数多くの仏様を成仏させた「おくりびと」が、お葬式の出会いを綴ります。終活の参考になれば幸いです。

ダメな葬儀屋と交代する

電話が掛かってきました。「葬儀屋すぐに来てくれ。このダメな葬儀屋と交代してくれ」相手は困惑と戸惑いを含んだ声で告げています。ただ事ではありません。とりあえず伺いました。玄関先にて電話で告げられたダメな葬儀屋が帰るところに出くわしました。知らない顔です。葬儀組合の会合でも見たことのない顔でした。

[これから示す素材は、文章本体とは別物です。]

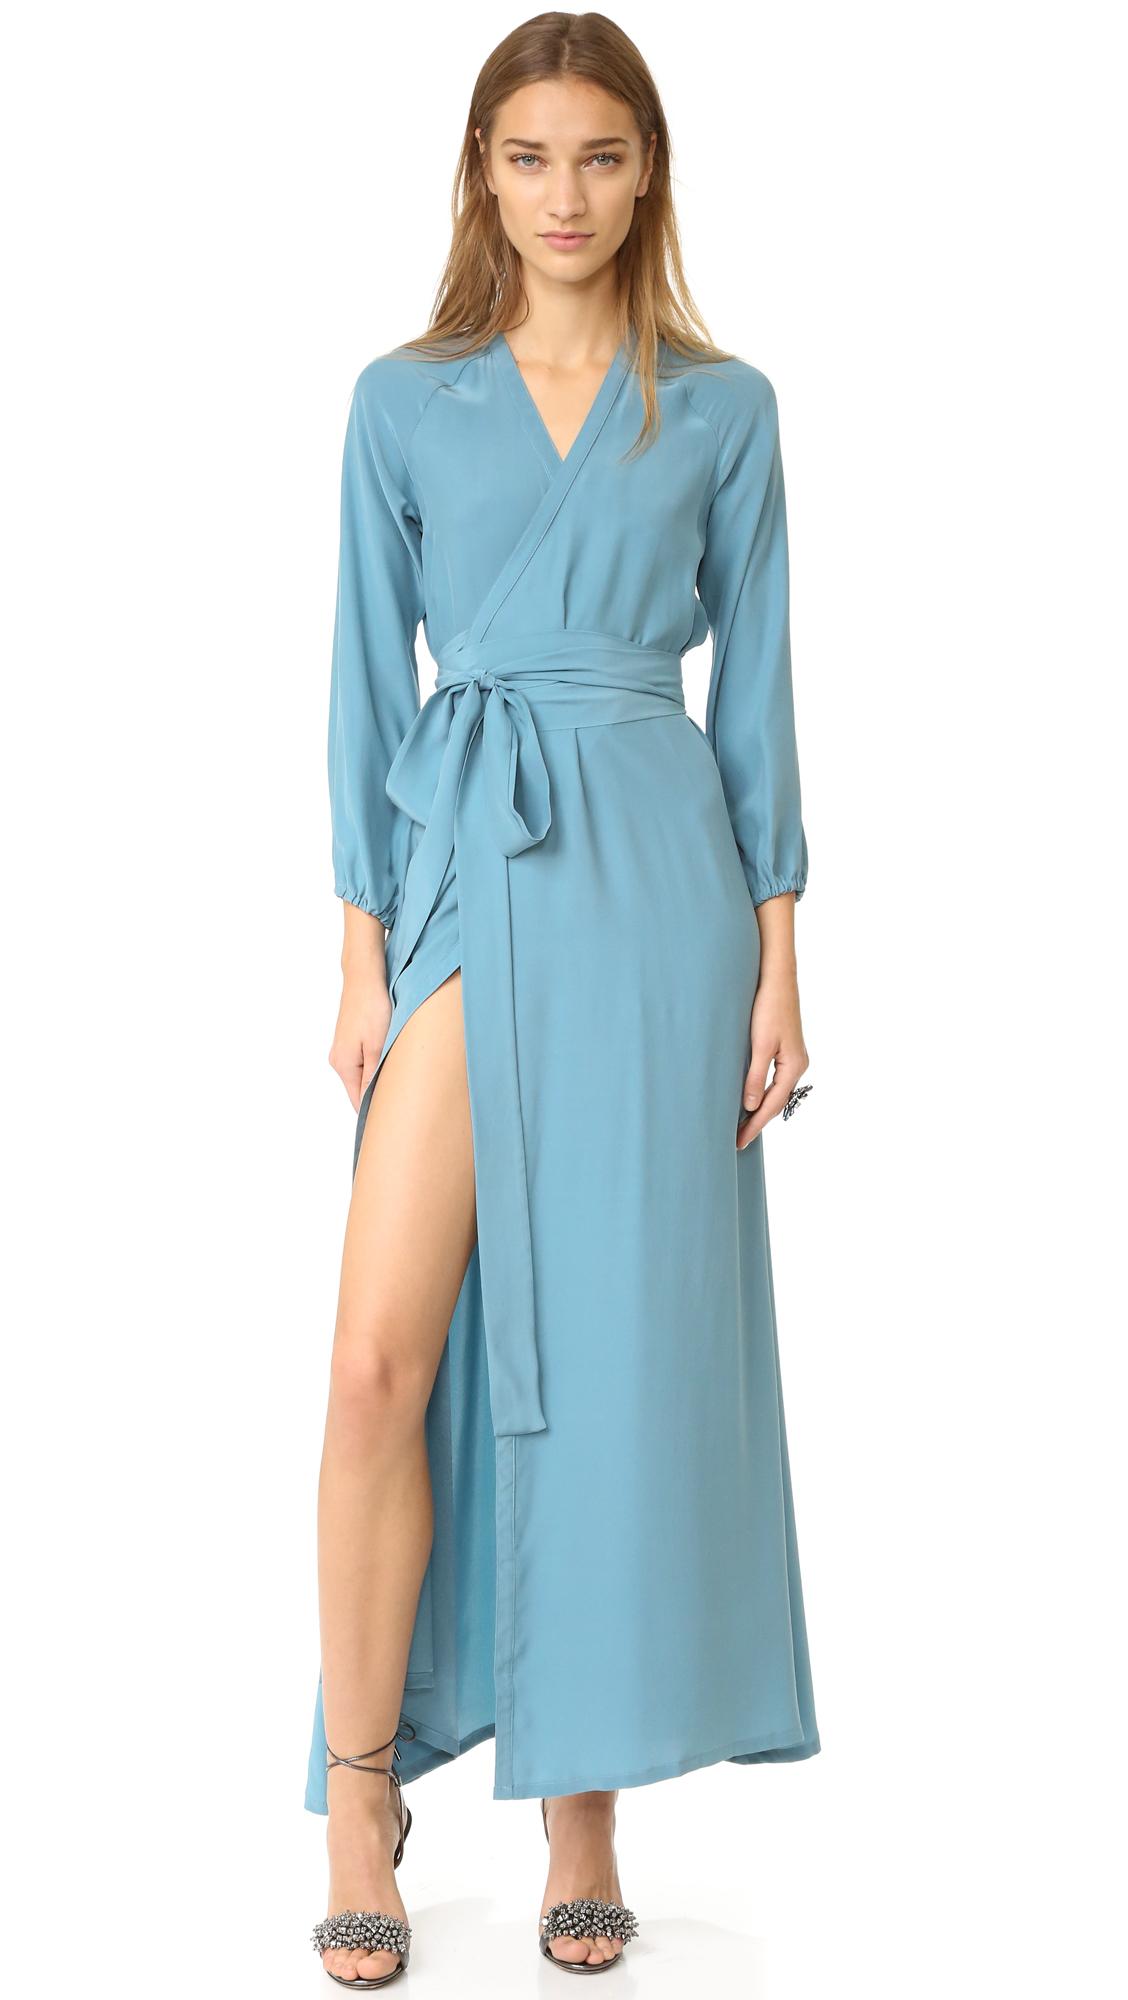 Rhode Resort Jagger Wrap Dress - Mist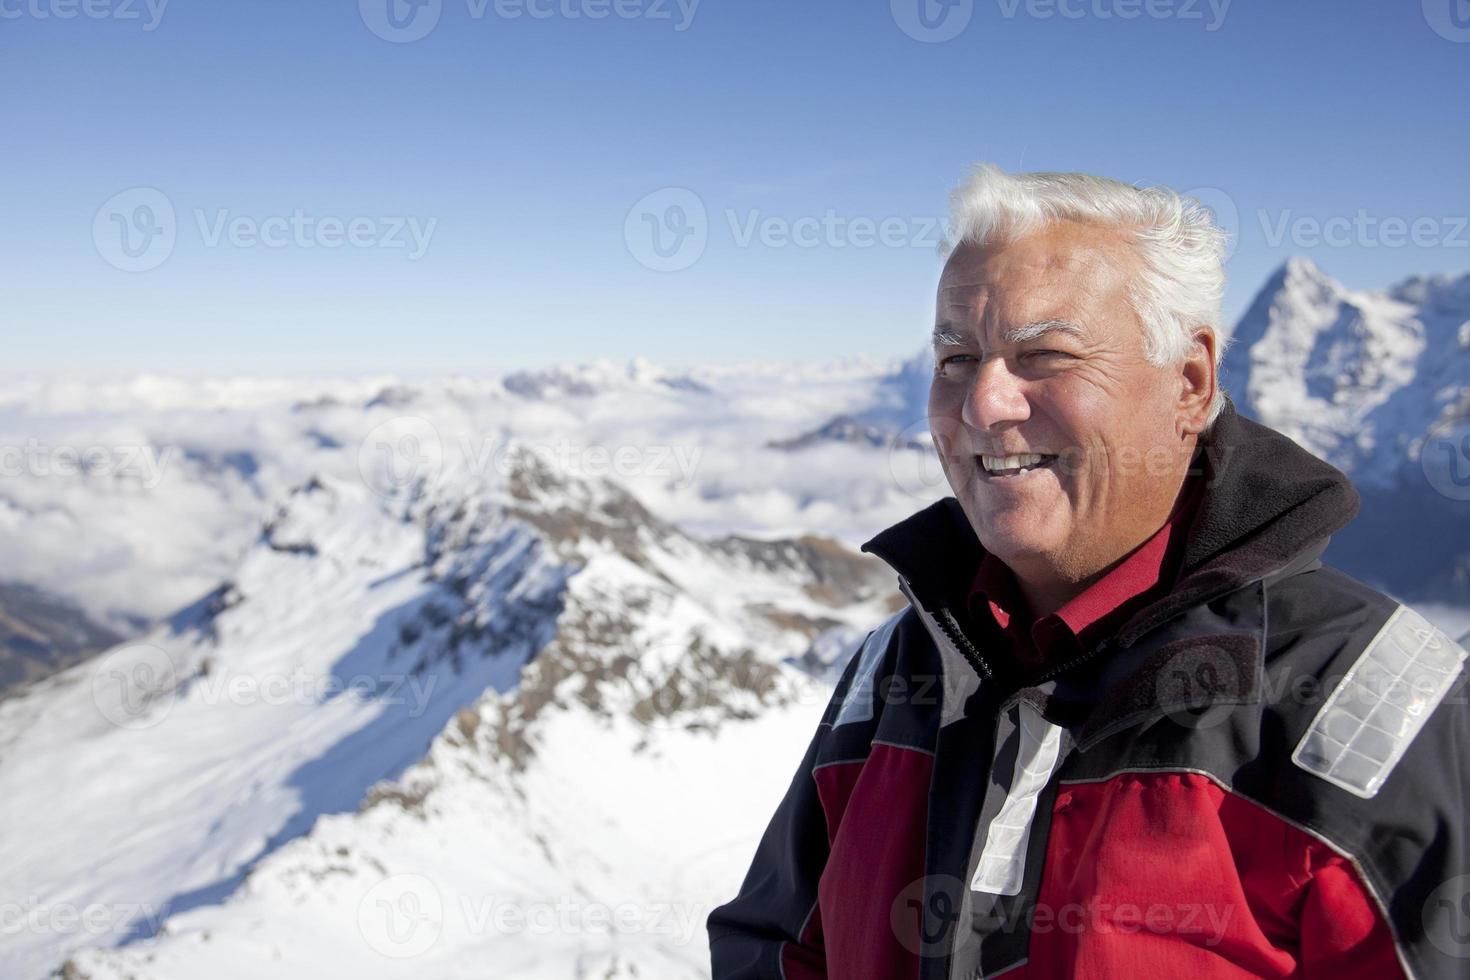 Mann auf den Bergen. foto

このお家では過去に葬儀を出した経験がなく、初めてのお葬式依頼でしたので、近頃皆様が良く行うネットの検索をして葬儀屋を選んだそうです。パソコンやスマホに「葬儀」と打ち込むと、検索上位に価格の安さをうたう「葬儀仲介業者」が出てきます。前も話した通りこの会社は葬儀屋紹介業です。全国からお葬式の注文を受けて 各地に登録している葬儀社に仕事を振り分けるだけなのです。ネットの「小さなお葬式」「よりそうお葬式」「イオンのお葬式」などはすべてこのシステムです。格安、定額をうたい文句にする、この葬儀社紹介サイトには欠点があります。それは電話を受けた紹介業者は自社に登録してある葬儀社だけを選んで派遣するという点です。お葬式を頼む喪家様には、どの葬儀屋にするかとの決定権がありません。当然、何十万の買い物をする業者のハズレくじを引く可能性も大いにあるのです。


お話しを聞くとサイトに電話して、だいぶ時間が経ってからやってきた葬儀屋は次々と、とんでもない事を要求し始めたようです。「参加人数を早く決めてください。そうしたら借りるホールを交渉します。どの会場で行うかはその時でないと決められません」「格安セットですから、市役所手続きは全部自分でやってください」とどめは「火葬場の場所を知らないから、喪主さんが道案内で先導してください」これを聞いた時点で堪忍袋の緒が切れた喪主様は冒頭の電話に繫がったのです。


この業者は素人葬儀屋です。葬儀屋は開業するのに何にも資格が要らない職業です。とりあえず葬儀屋紹介サイトに登録して依頼を受け小遣い稼ぎをするのです。定額プランなので内容の説明は必要無いですし、日程を決めるだけで出来るのです。場所の交渉をして当日は派遣スタッフを依頼すれば一人でも十分に対応可能です。


ウェブサイトの紹介業社には、長年の信頼があり、ある程度の顧客がついて集客が出来る老舗葬儀屋はほとんど加入していません。理由は簡単です。この紹介業者は莫大な中間搾取をします。電話を取り次ぐだけで毎月高額の下請け加入料を払わせられるのです。お葬式の総額が安いうえに紹介料を引かれるのですから、人件費と利益を出すために、引き受けた葬儀屋は棺桶等の品は最低価格の商品を使用します。


ネットの葬儀屋紹介サイトを否定はしません。突然のお葬式で頼りになる存在でもあります。わかりやすい説明もあります。何より金額の不安がない定額制と安価な設定に飛びつく方も多いのです。しかし大きなリスクとして、呼ばれた葬儀屋は、お葬式をまともに施工できない人間かもしれないのです。画面のページのお客様アンケートはたぶん創作だと感じます。思うにあの内容は真実の声ではないはずです。


安いお葬式を望むあまり、ネットの宣伝とコマーシャルの心地よい言葉に飛びついて後で後悔する方も多いのです。安い商品は「価格なりのことしかしない」のです。満足感と達成感を感じるまともなお葬式はある程度の金額がかかると思います。